Hello,
I am in the process of configuring Azure Site Recovery with private endpoints in a sandbox environment to provide Azure-to-Azure (A2A) inter-region failover and failback capabilities.
I followed all instructions outlined via the following article: https://learn.microsoft.com/en-us/azure/site-recovery/azure-to-azure-how-to-enable-replication-private-endpoints
My design used within my sandbox environment consists of the following configuration:
- Single Azure subscription.
- The Azure Recovery Services vault is configured to automatically update the ASR extension on protected VMs via an Azure Automation account that is not configured with private endpoints.
- Protected VM operating systems are: Linux (redhat 7.4) and Linux (centos 7.9.2009).
- Primary Region: East US
Within this region, I have a single VNet that is not peered to any other VNets (completely isolated) containing 2 subnets: 1 subnet containing the source VM I would like to protect, and 1 subnet designated for private endpoints for both the Azure Recovery Services (ARS) vault and local cache storage account.
The local cache storage account in the primary region is configured with private endpoints and not accessible publicly.
- Failover Region: West US Similar as the primary region, with a separate isolated VNet containing the same subnets as the primary region VNet.
- Private endpoints to the ARS vault and local cache storage account are hosted within this region.
- There are no NSG rules or NVAs/firewalls that are configured to block outbound network traffic from the protected VMs (if there were, I would have not been able to protect them and register them in the vault).
Everything appears to be functioning correctly. Replication health for the VMs in the primary region are showing a green "healthy", and I am able to successfully failover both of my source VMs to the secondary region, and failback to the primary region (re-protecting the VMs in question in each region after failover/failback of course).
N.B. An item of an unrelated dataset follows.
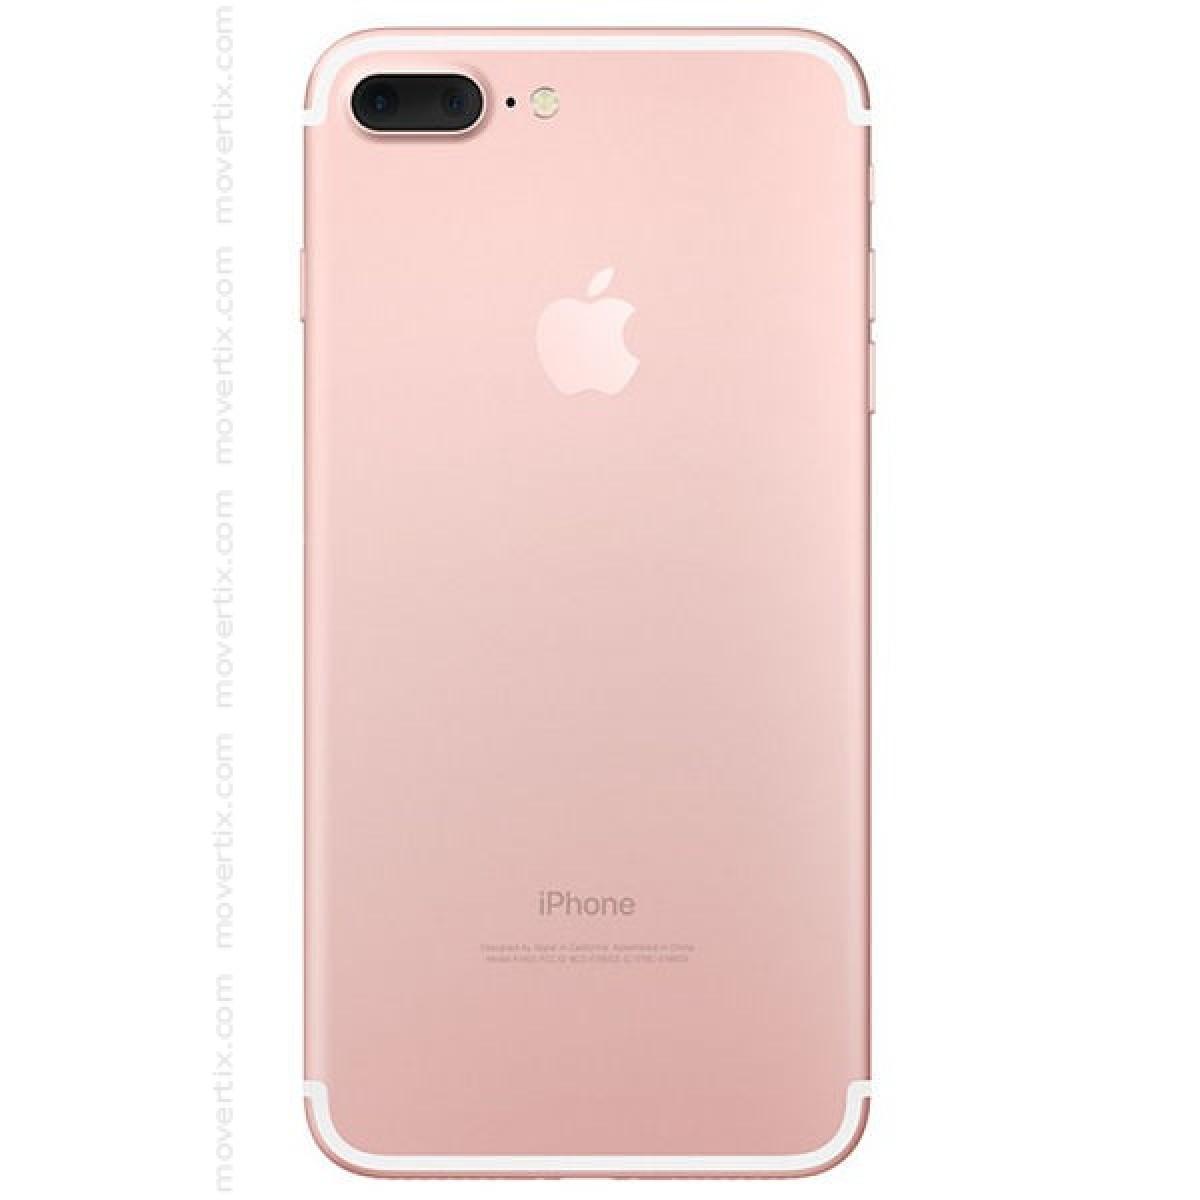 apple iphone 7 plus rose gold 32gb 190198157164 movertix mobile phones shop. Black Bedroom Furniture Sets. Home Design Ideas

I am however receiving several "Mobility service periodic refresh failed." errors within the ARS vault's event log as shown below:
Event Name
Mobility service periodic refresh failed.
Event Type
VmHealth
Source
asrtestcentos02
Associated servers
asr-a2a-default-eastus
Time
2/18/2023, 8:44:59 PM
Error ID
152003
Error Message
Site recovery mobility service refresh operation with Recovery Services vault failed.
URI https://<vault id redacted>-asr-pod01-rcm1.wus.privatelink.siterecovery.windowsazure.com, Error: 20505.
Possible causes
You might have an NSG rule or firewall setting which prevents mobility service from accessing Site recovery service endpoints.
Recommendation
1. If you are using firewall proxy to control outbound network connectivity on the VM, ensure you allow communication to the prerequisite URLs or datacenter IP ranges. Refer to https://aka.ms/a2a-firewall-proxy-guidance
2. If you are using Azure Network security group (NSG) rules to control outbound network connectivity on the VM, ensure you allow communication to the prerequisite URLs or datacenter IP ranges. Refer to https://aka.ms/a2a-nsg-guidance
3. If storage account is deleted, disable replication on the VM and enable replication again.
If the events are continuous even after above issues are fixed, contact support.
Related links
https://aka.ms/a2a-firewall-proxy-guidance
https://aka.ms/a2a-nsg-guidance
Again, all failover and failback functionality is working from what I can tell, but the error above will show up in Azure Monitor and result in an email notification.
- What is the cause of this error?
- Can this error be safely ignored, or does this indicate another underlying issue that can impact failover/failback operations?
- What activities are actually performed during a "mobility service periodic refresh" operation?
Thanks